• [Task statement] The output must be exactly the lines from the "Node 19: Latest" line through the end of the listing below, with no picture included.

• [Data extract]
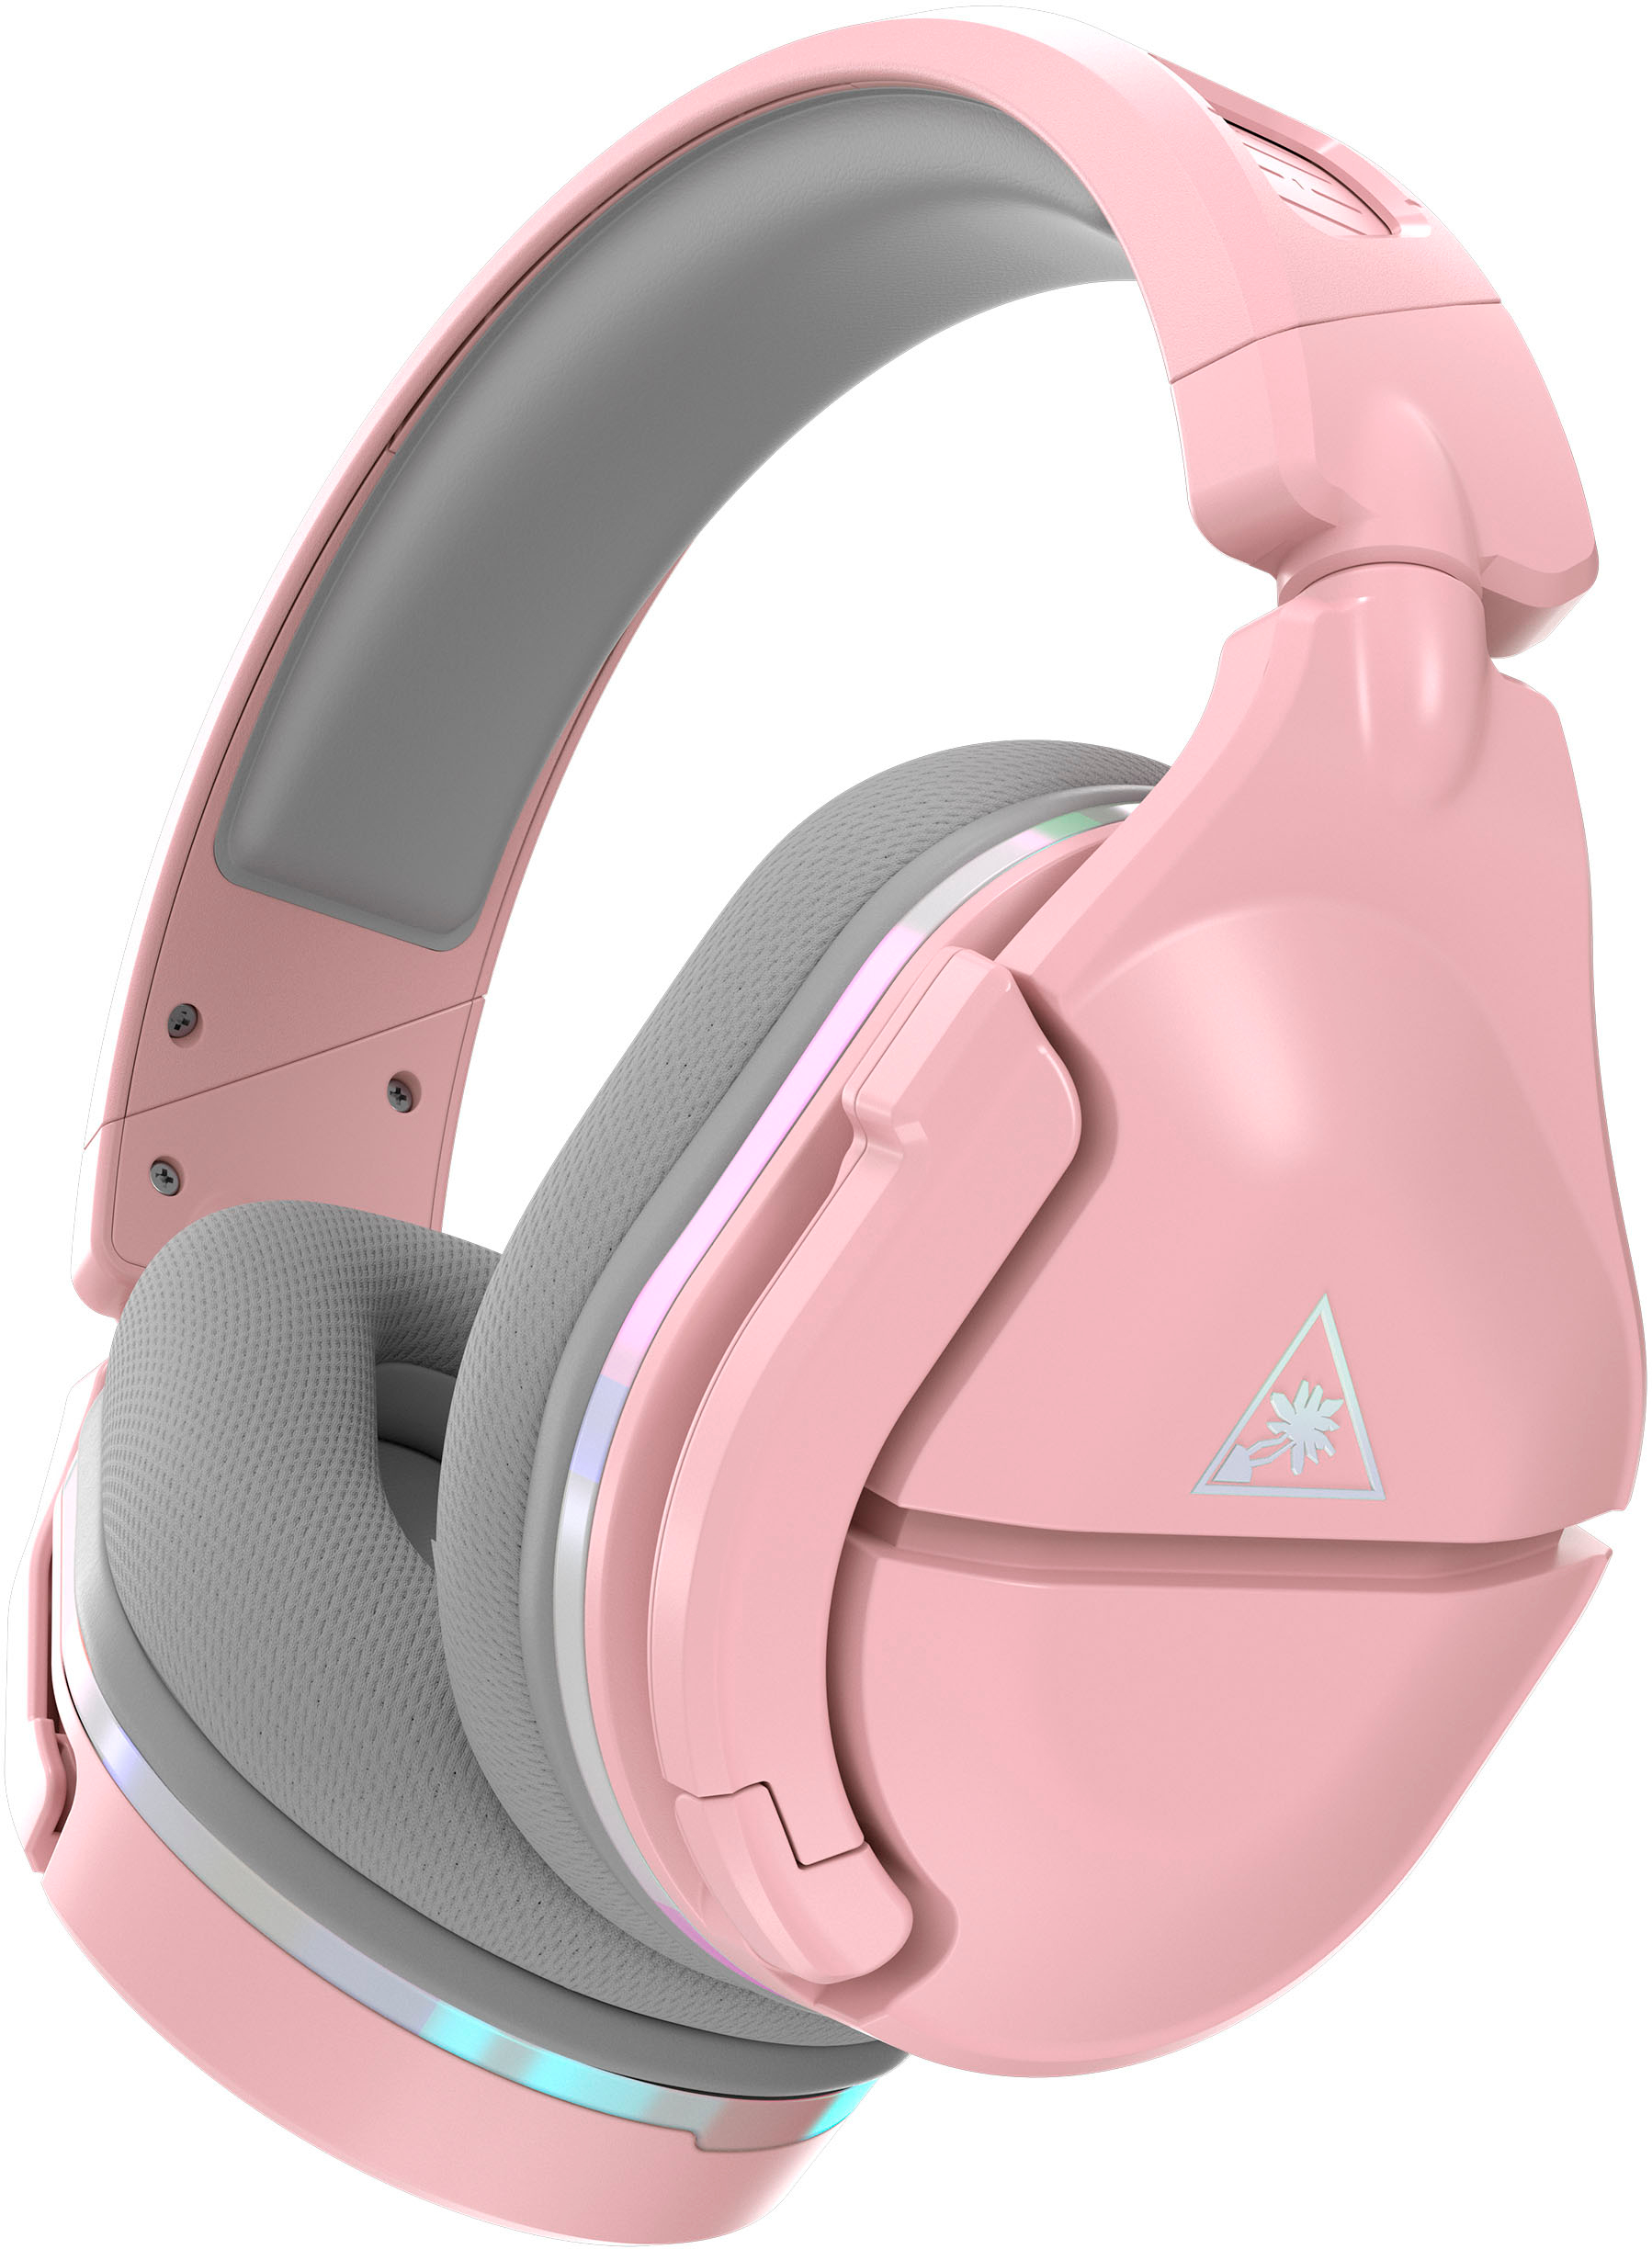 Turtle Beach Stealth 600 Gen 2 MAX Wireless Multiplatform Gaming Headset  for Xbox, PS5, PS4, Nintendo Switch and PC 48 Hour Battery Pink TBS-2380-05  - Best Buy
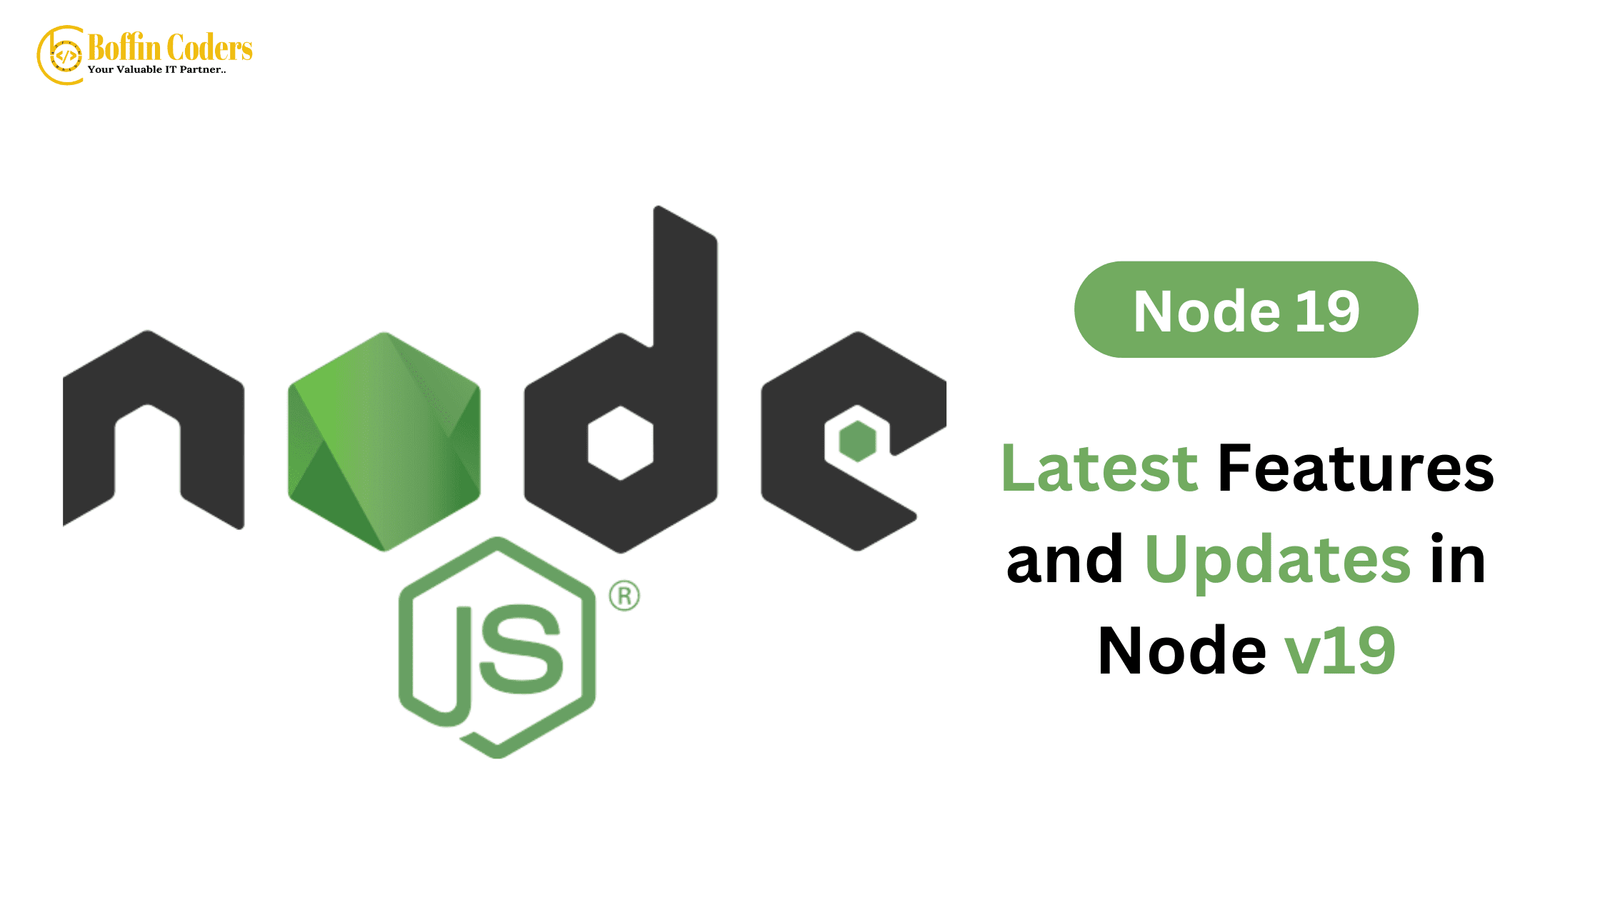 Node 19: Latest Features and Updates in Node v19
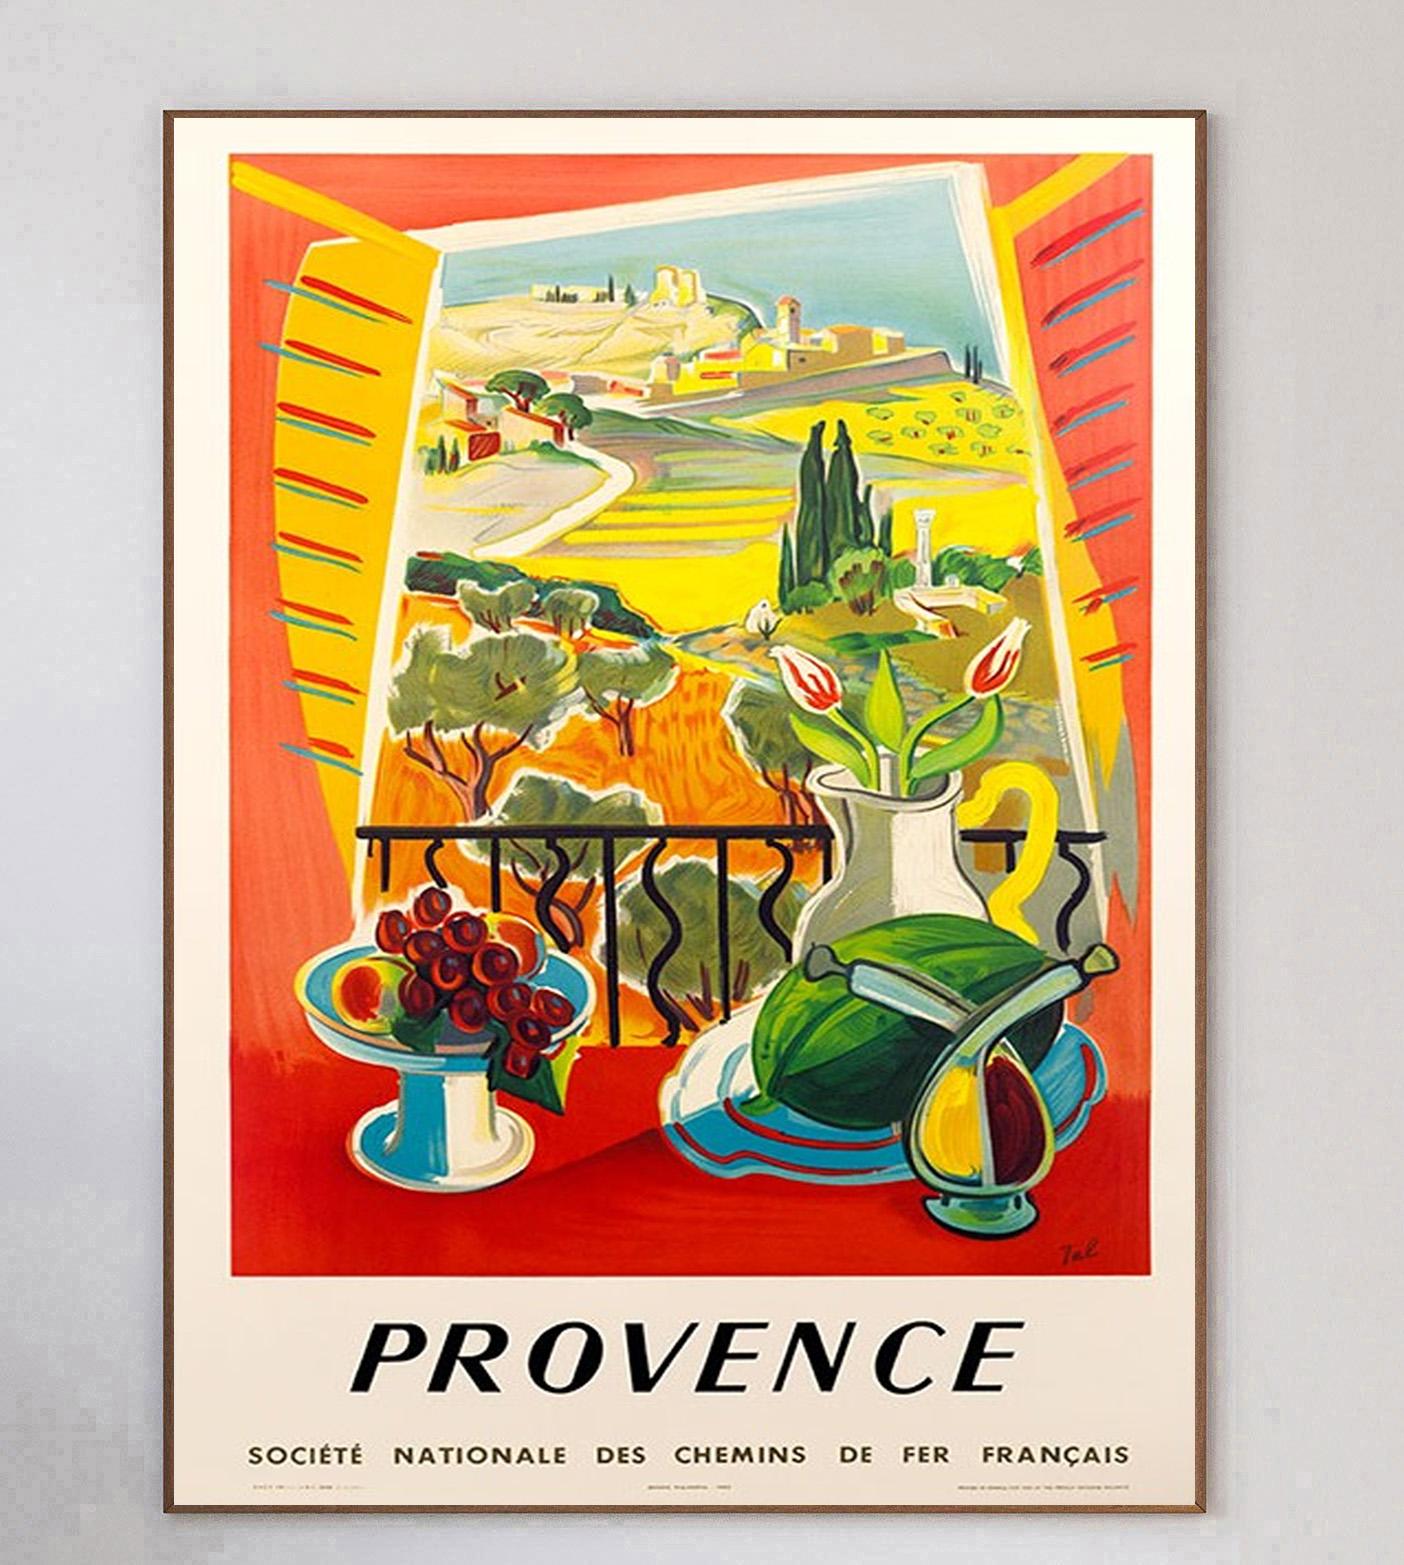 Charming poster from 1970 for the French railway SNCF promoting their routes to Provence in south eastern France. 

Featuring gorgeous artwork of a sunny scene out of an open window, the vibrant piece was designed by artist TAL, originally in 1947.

• [Your response]
 Node 19: Latest Features and Updates in Node v19
 Charming poster from 1970 for the French railway SNCF promoting their routes to Provence in south eastern France. 

Featuring gorgeous artwork of a sunny scene out of an open window, the vibrant piece was designed by artist TAL, originally in 1947.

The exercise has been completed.